> **STORED DATA**:
----

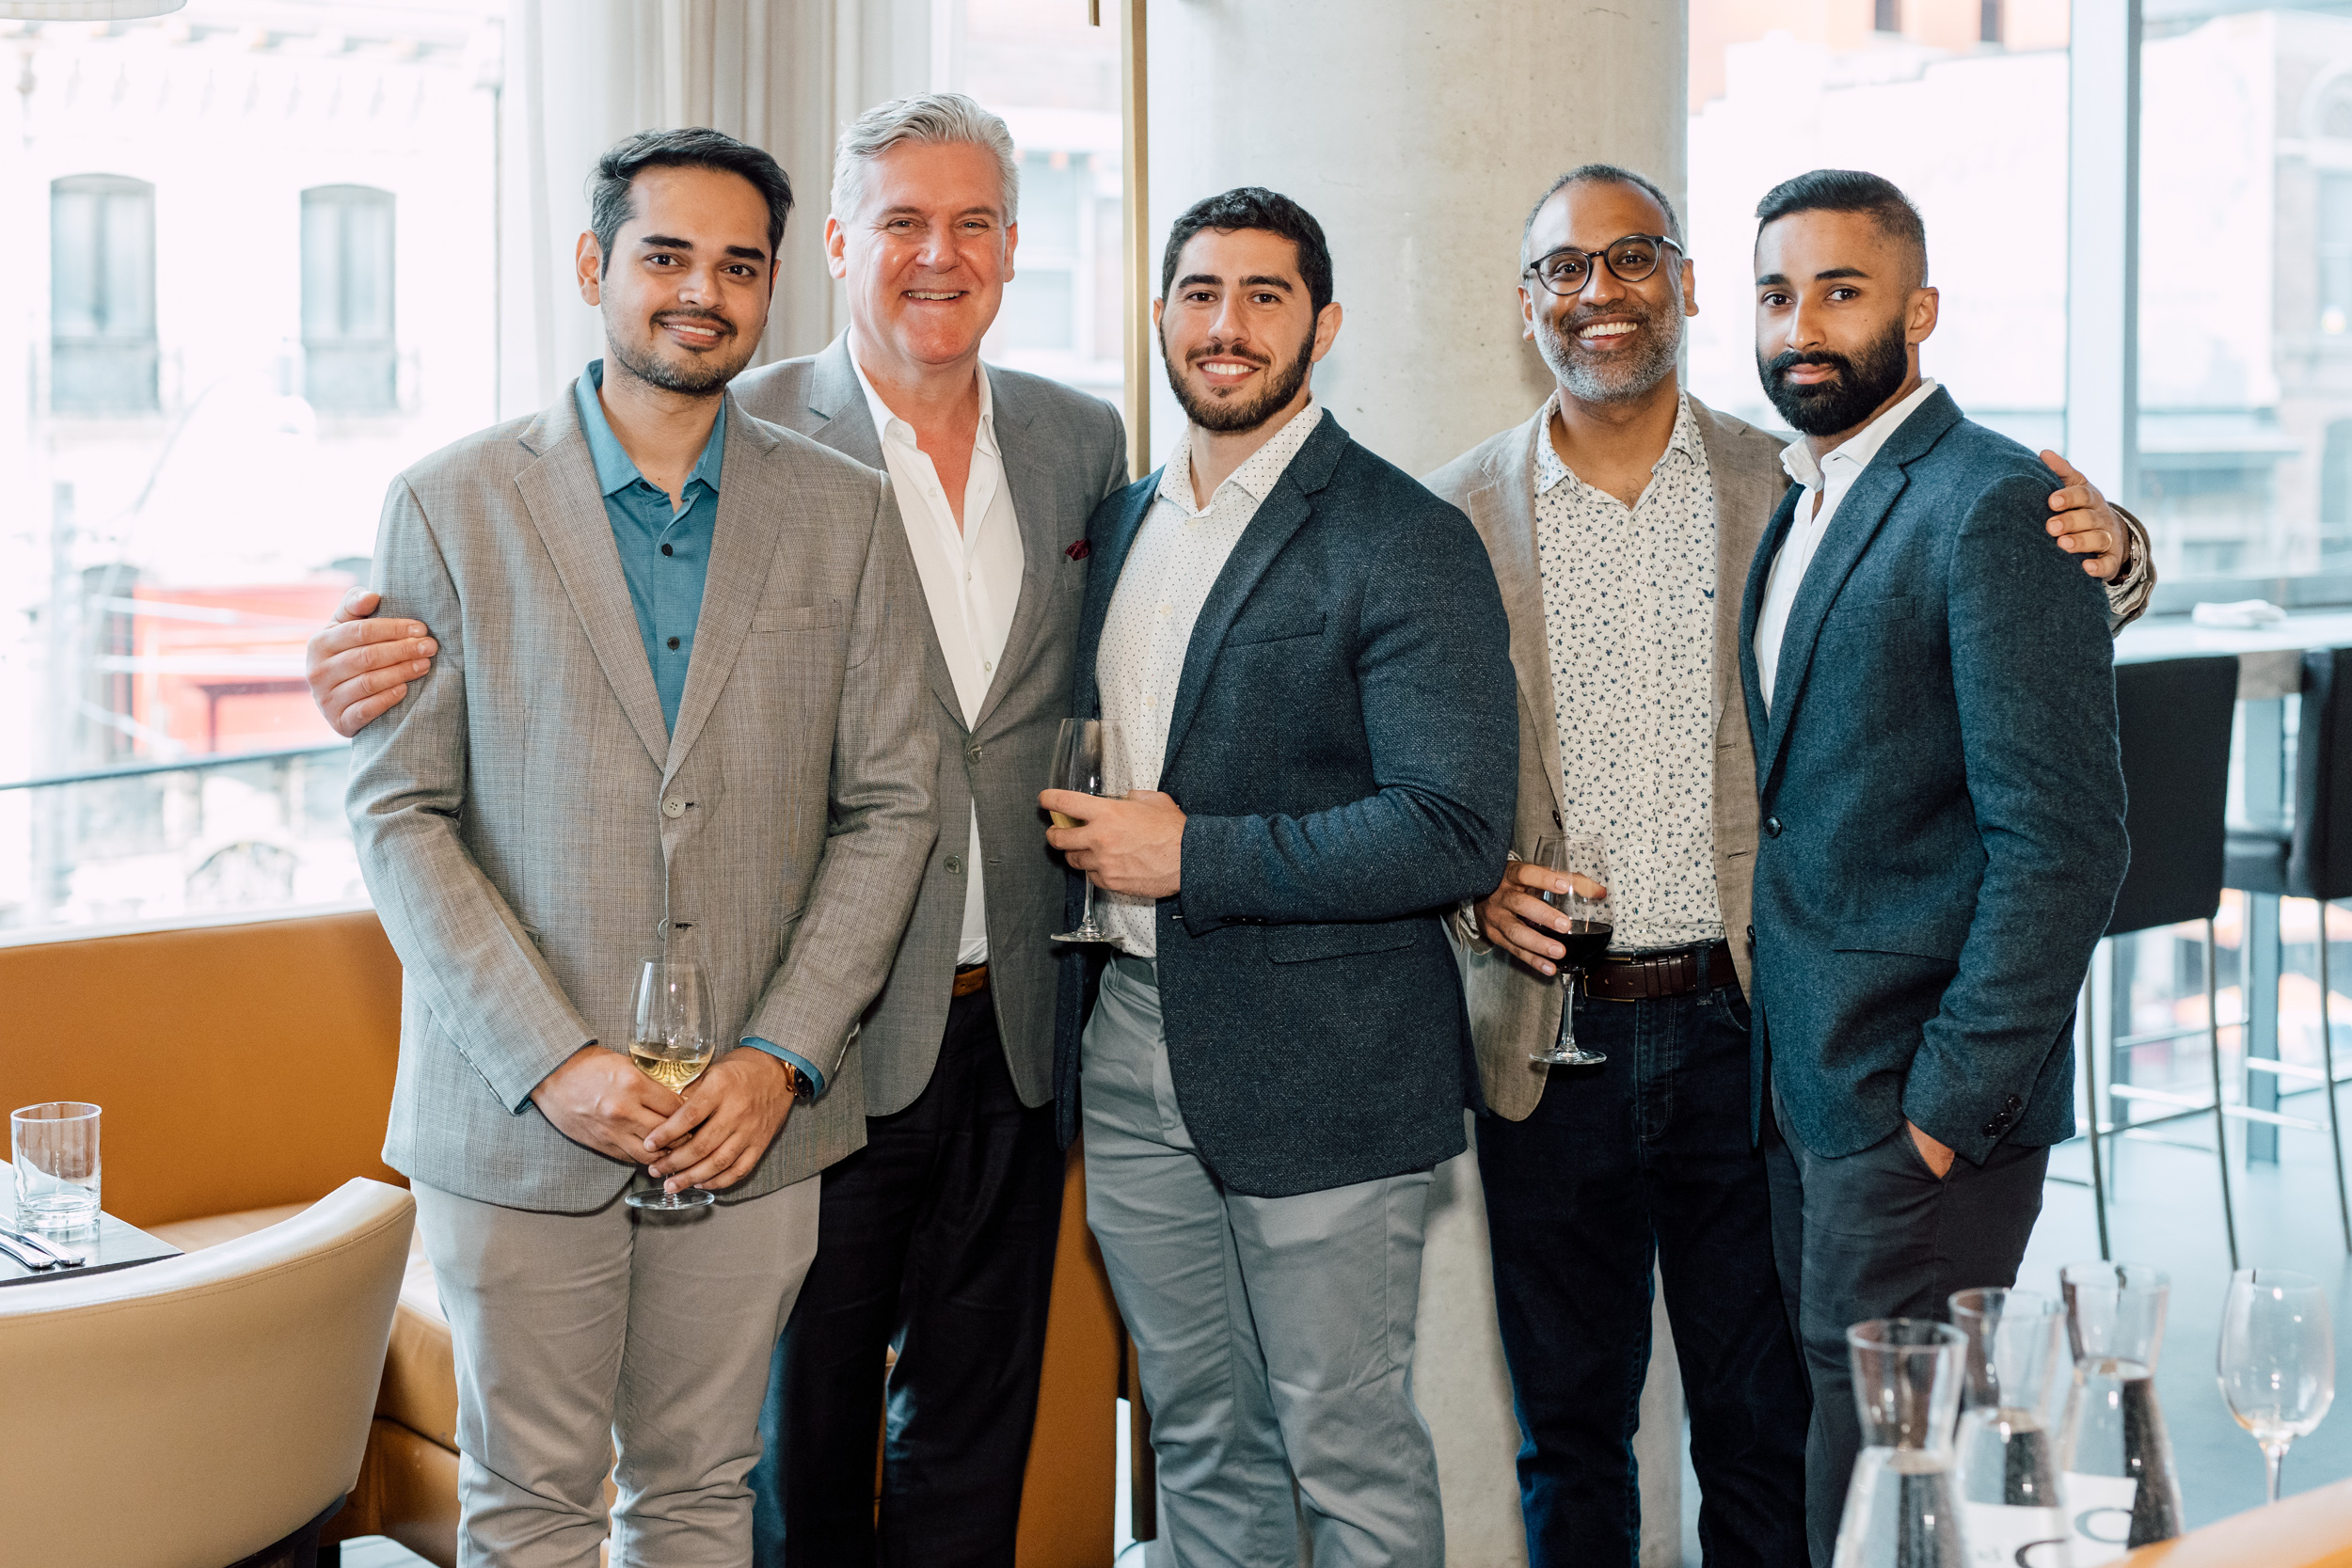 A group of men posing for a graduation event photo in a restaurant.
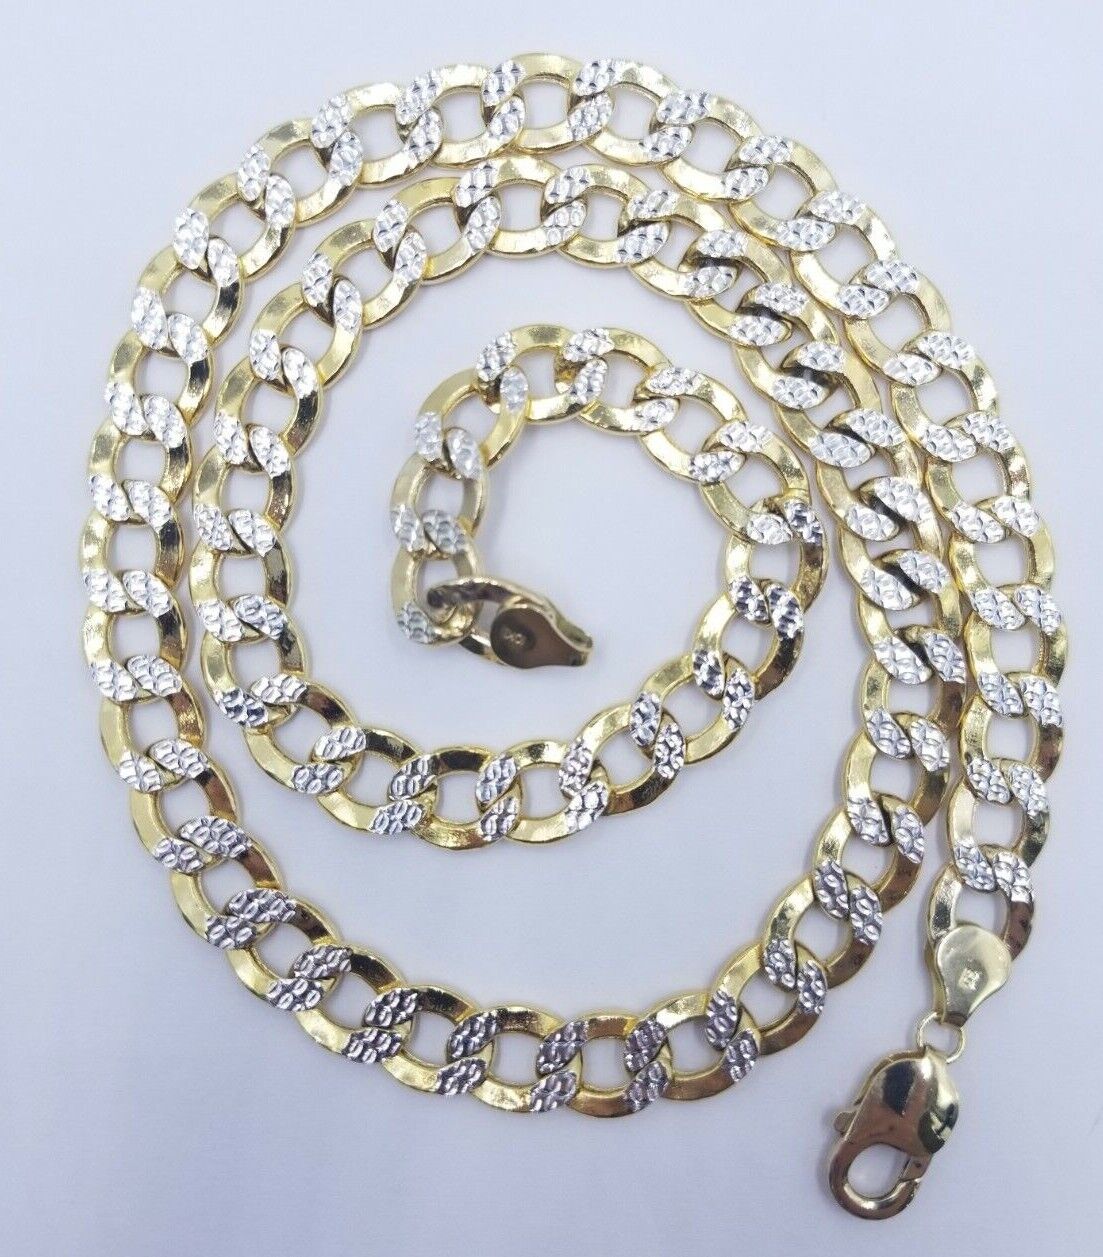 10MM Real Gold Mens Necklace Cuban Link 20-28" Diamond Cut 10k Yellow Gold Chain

----

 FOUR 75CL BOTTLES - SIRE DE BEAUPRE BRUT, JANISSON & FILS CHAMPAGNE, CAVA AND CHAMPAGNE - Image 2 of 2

----

> **REQUIRED WORK**: Set down again, exactly, every line above from the one with "A group of men" down to the one with "10MM Real Gold", both ends included. No pictures, and nothing else.

> **RESULT BELOW**:
 A group of men posing for a graduation event photo in a restaurant.
 10MM Real Gold Mens Necklace Cuban Link 20-28" Diamond Cut 10k Yellow Gold Chain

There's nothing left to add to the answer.